- _EXERCISE DIRECTIONS_:
The task for the listing below is to write out exactly the lines starting at the one containing "County Installs 16" and ending at the one containing "rasel ft jadel viven descargar", both included. Pictures are to be omitted.

- _TASK DATA_:

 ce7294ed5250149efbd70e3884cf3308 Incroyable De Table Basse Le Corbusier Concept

...

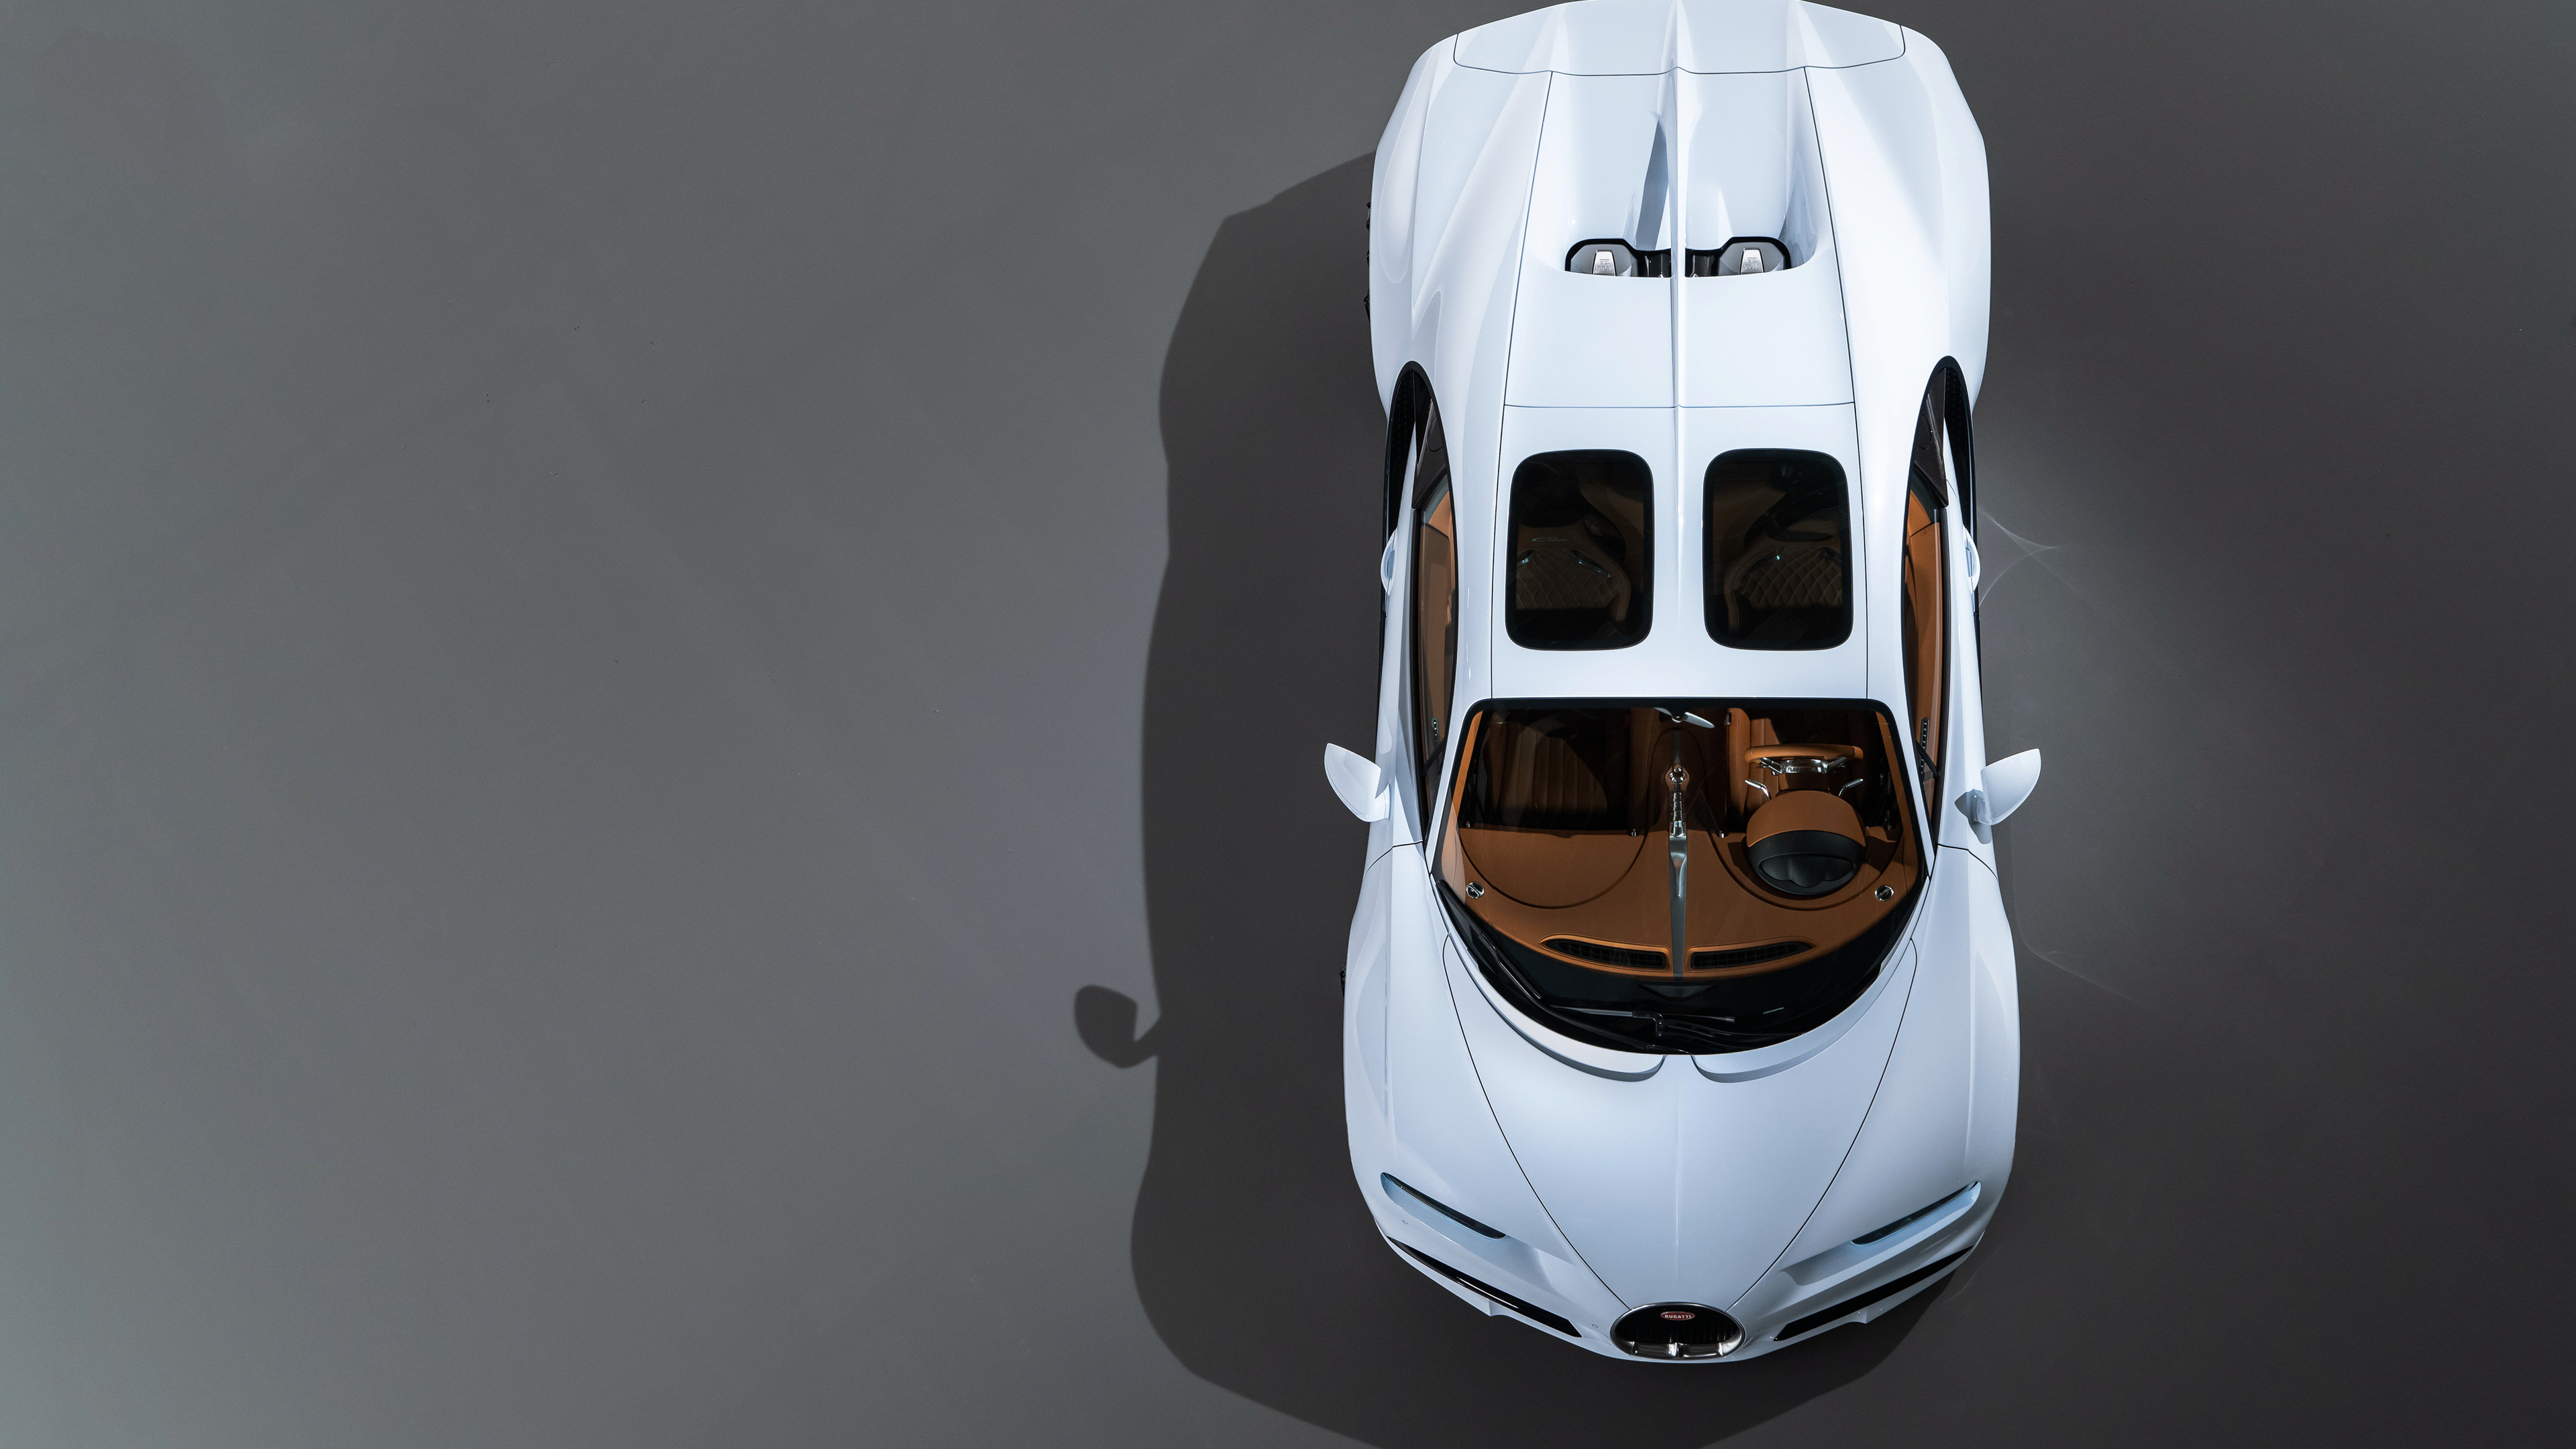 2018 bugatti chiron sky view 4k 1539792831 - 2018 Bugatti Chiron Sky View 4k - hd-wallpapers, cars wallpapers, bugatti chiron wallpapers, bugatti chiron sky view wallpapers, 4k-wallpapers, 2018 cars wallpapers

==

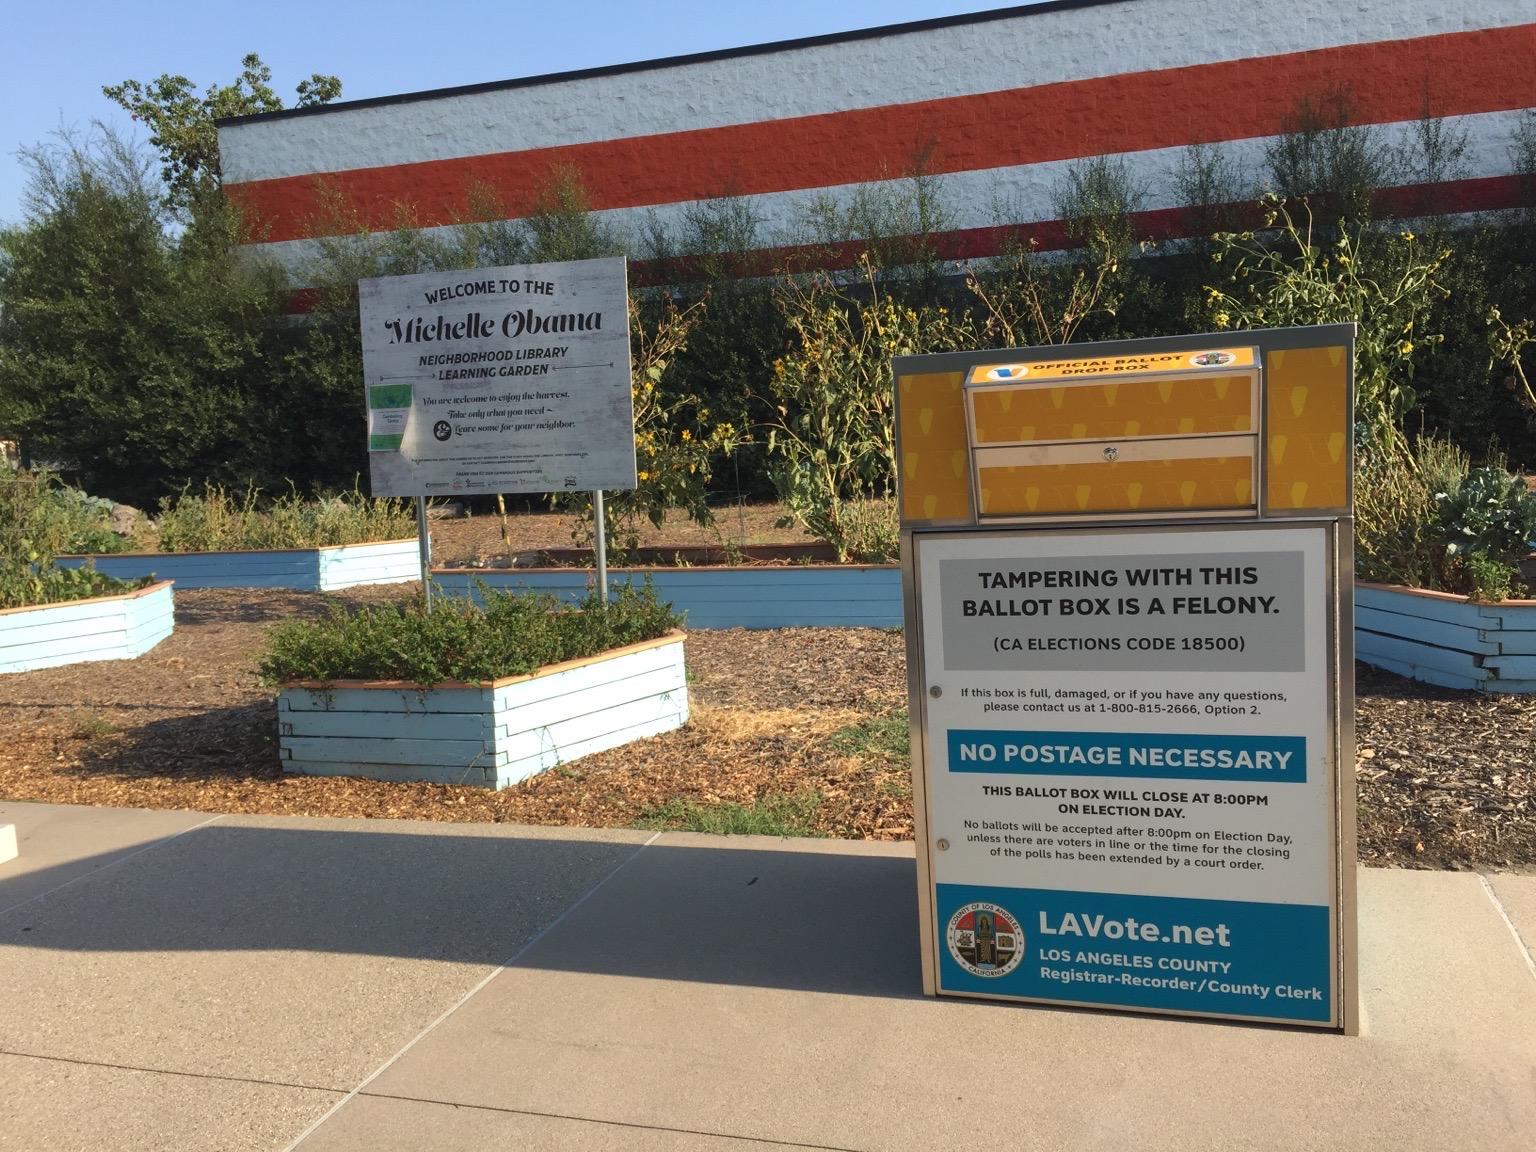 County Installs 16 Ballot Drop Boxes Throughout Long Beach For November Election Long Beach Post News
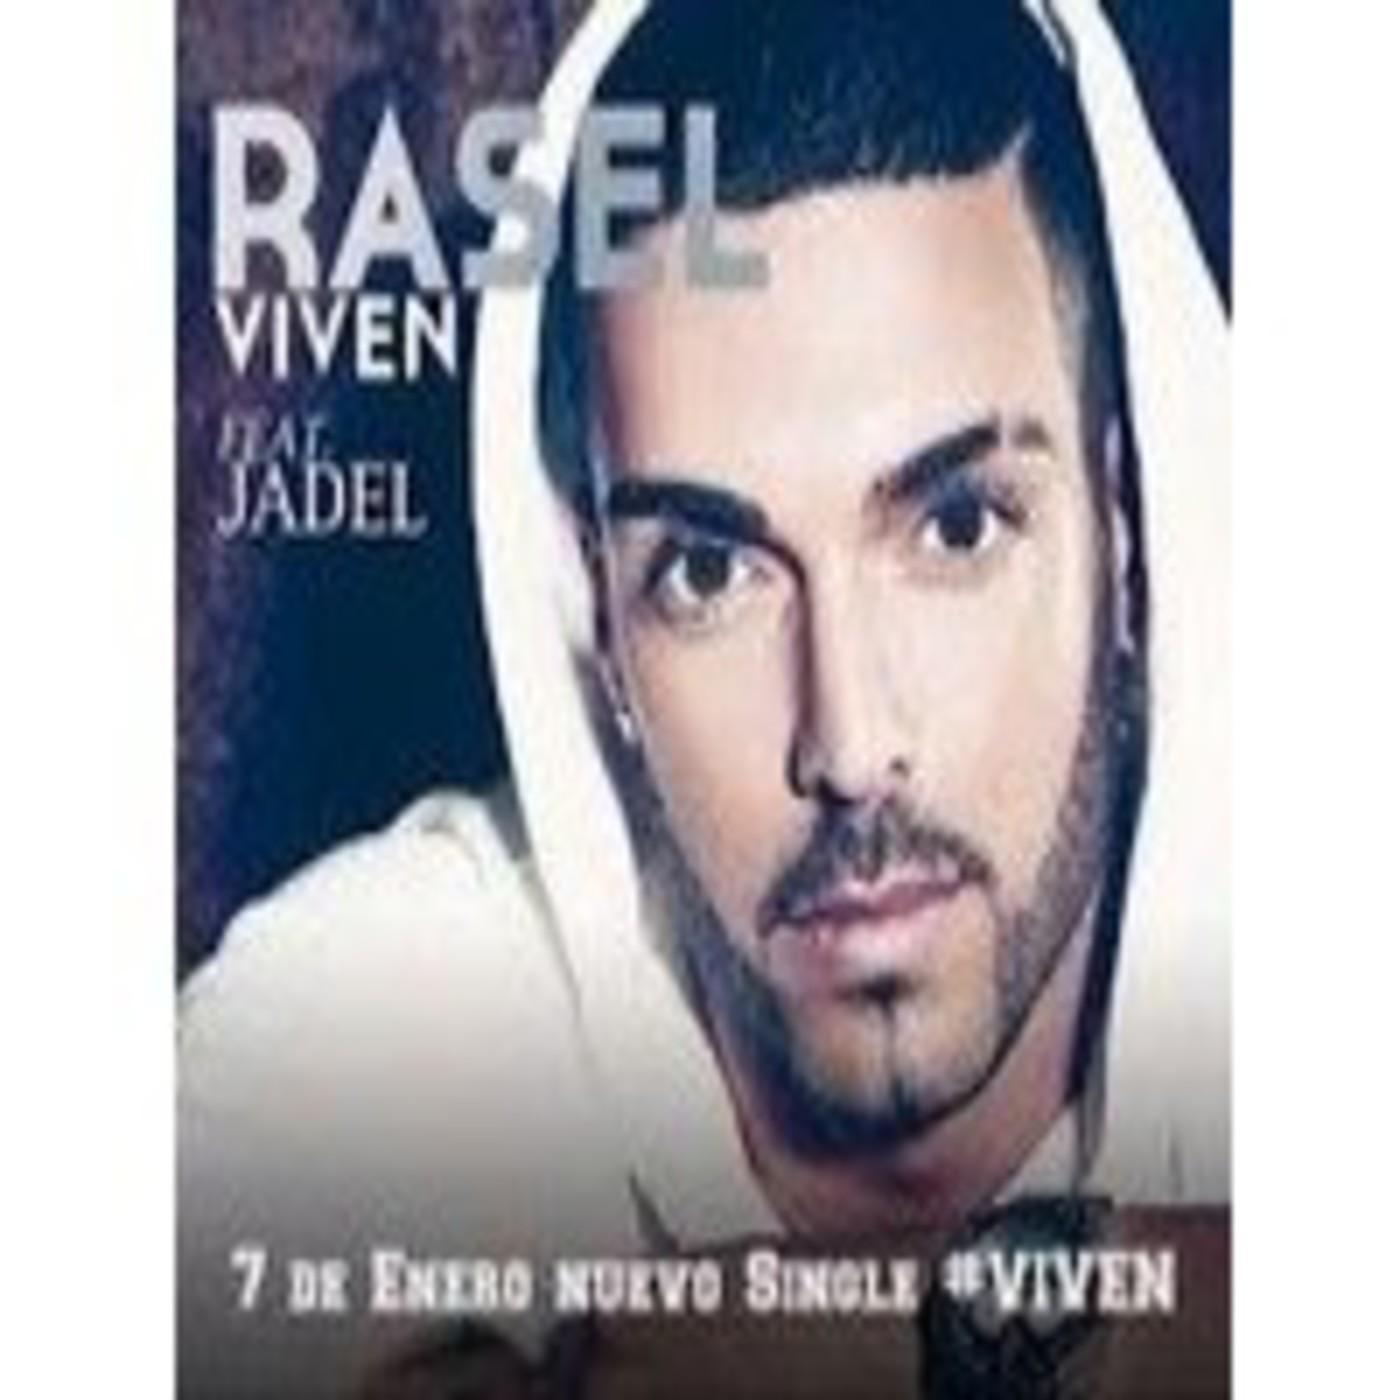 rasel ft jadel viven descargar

- _OUTPUT OF THE EXERCISE_:
 County Installs 16 Ballot Drop Boxes Throughout Long Beach For November Election Long Beach Post News
 rasel ft jadel viven descargar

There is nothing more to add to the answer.